Influencerka zmarła po operacji plastycznej w Turcji. "Nie powinna była nic jeść ani pić"
Influencerka nie żyje po operacji w Turcji. Alkohol, pośpiech i tragiczna cena za piękno.
Ana Bárbara Buhr Buldrini, 31-letnia brazylijska influencerka i piosenkarka, zmarła po operacji plastycznej w tureckiej klinice. Zabieg powiększenia piersi i korekty nosa miał być częścią współpracy reklamowej ze szpitalem w Stambule. Operacja została przyspieszona o trzy dni, a dzień wcześniej celebrytka uczestniczyła w imprezie, podczas której spożywała alkohol i jedzenie – mimo że było to surowo zabronione przed zabiegiem chirurgicznym.
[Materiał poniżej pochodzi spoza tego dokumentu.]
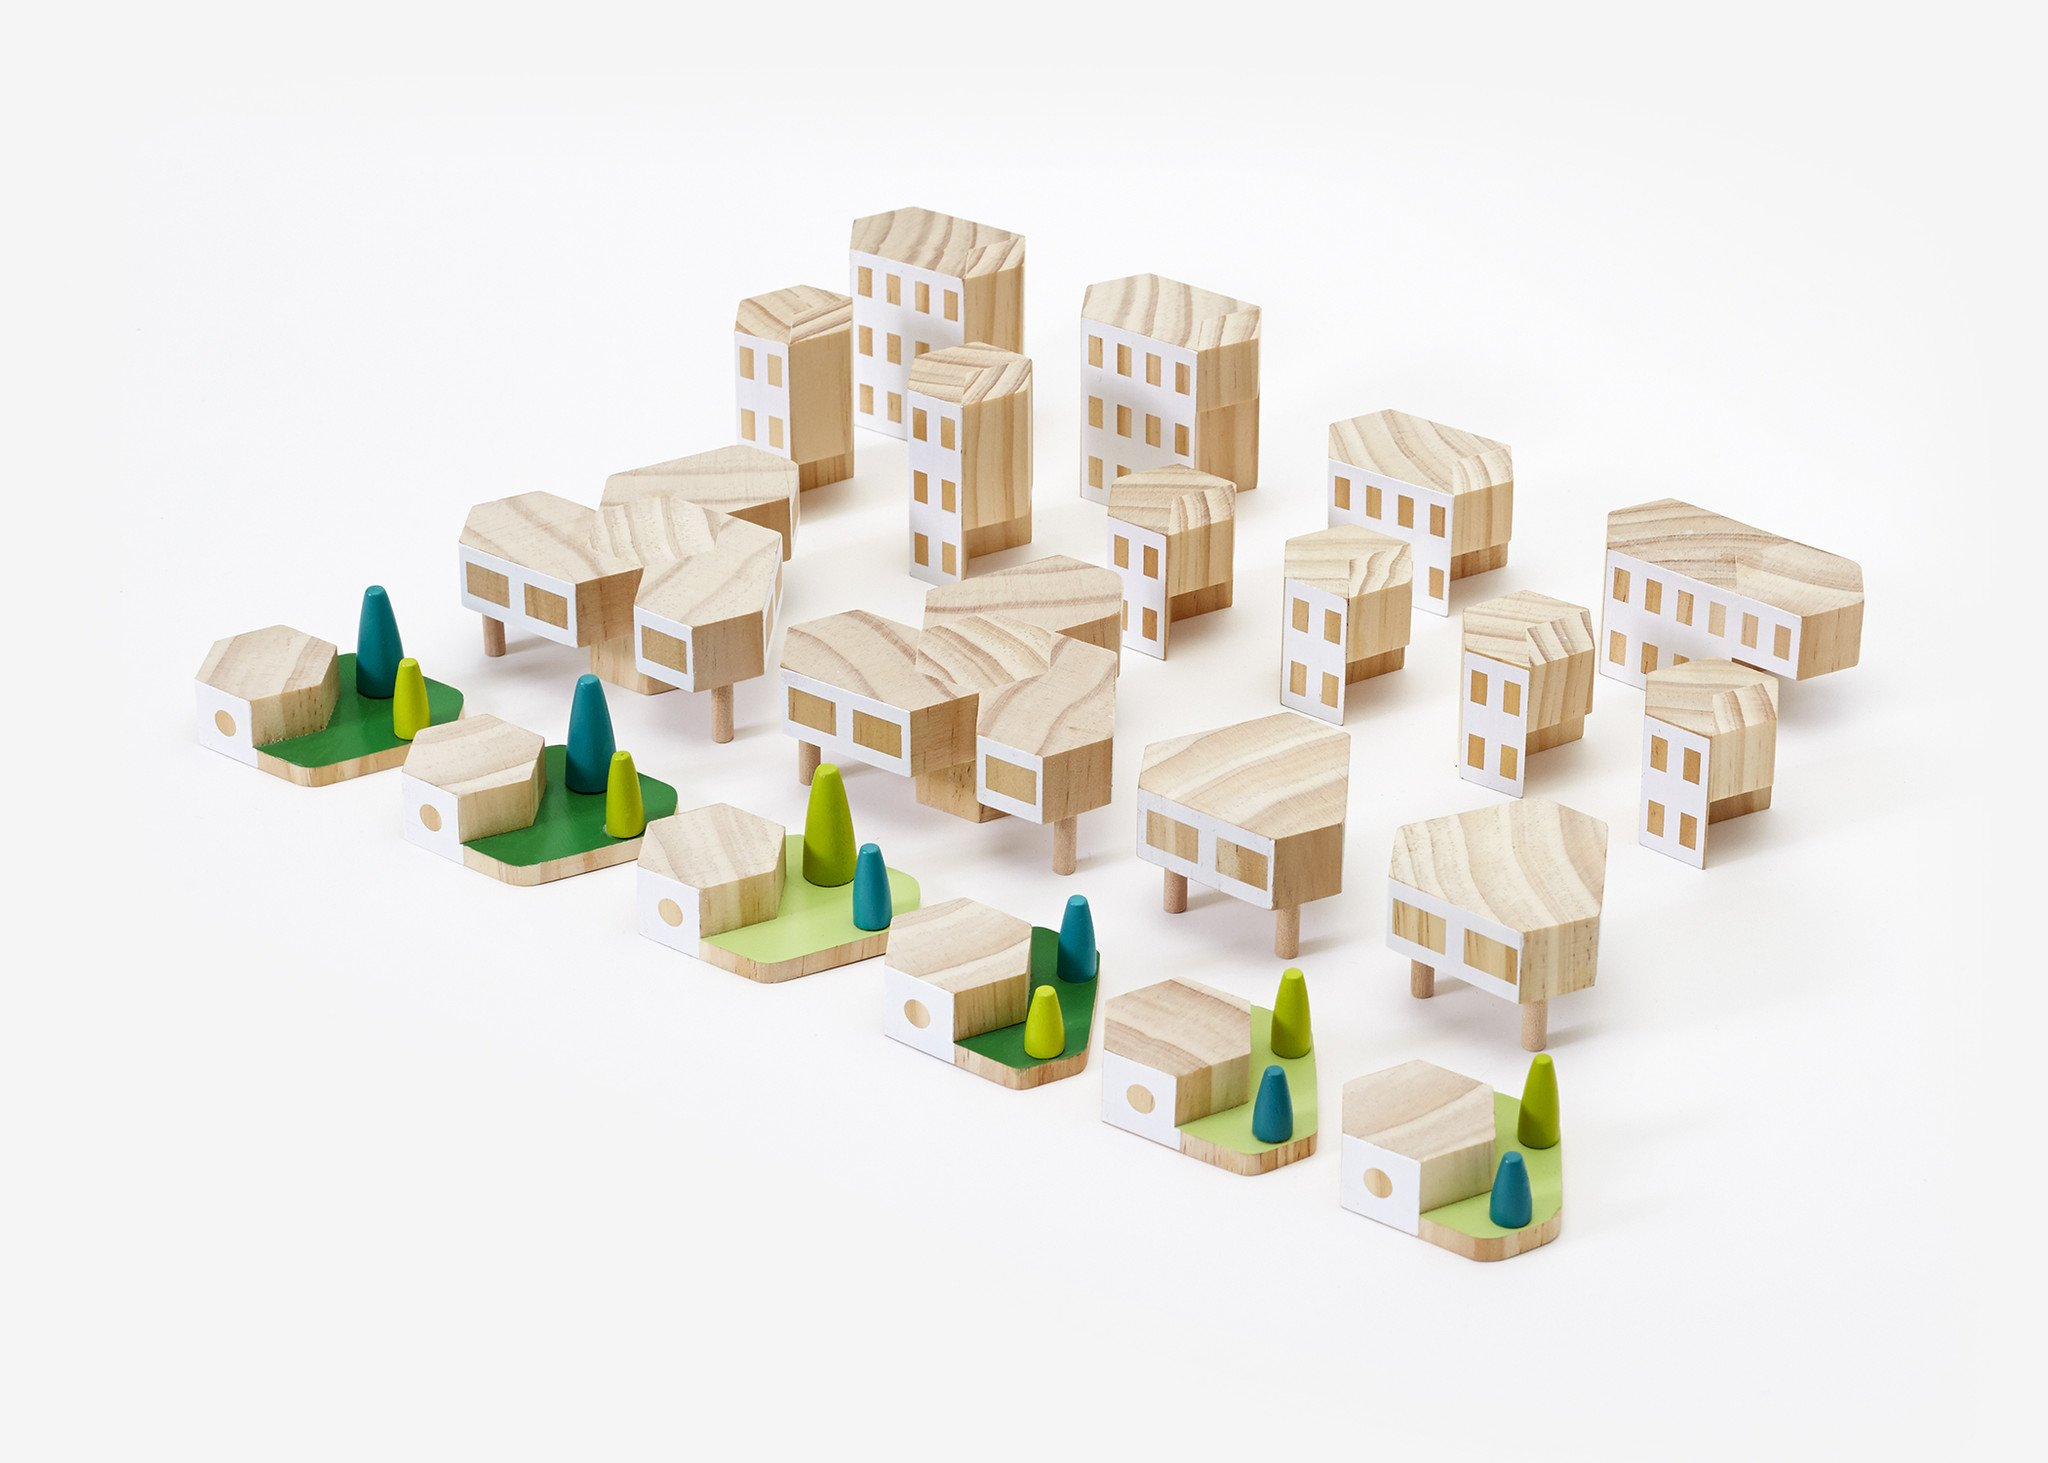 Blockitecture Garden City Mega Set Wood Toys Design Architecture

Według relacji męża, lekarz zapewnił ich, że wszystko będzie dobrze, mimo braku przygotowania i złamania zaleceń przedoperacyjnych. Po operacji doszło do zatrzymania akcji serca. Kobieta nie odzyskała przytomności, a personel medyczny przez ponad godzinę nie informował bliskich o jej stanie. Ostatecznie stwierdzono zgon, a szpital tłumaczył tragedię „nieoczekiwanym powikłaniem” – migotaniem komór serca.
Sprawa wywołała poruszenie i pytania o standardy w prywatnych klinikach oferujących „turystykę estetyczną”. Czy pogoń za idealnym wizerunkiem i darmową promocją warta jest ryzyka życia? W dobie mediów społecznościowych granica między reklamą a odpowiedzialnością coraz częściej się zaciera. Śmierć Any Bárbary to dramat, ale też ostrzeżenie – dla pacjentów, lekarzy i całej branży.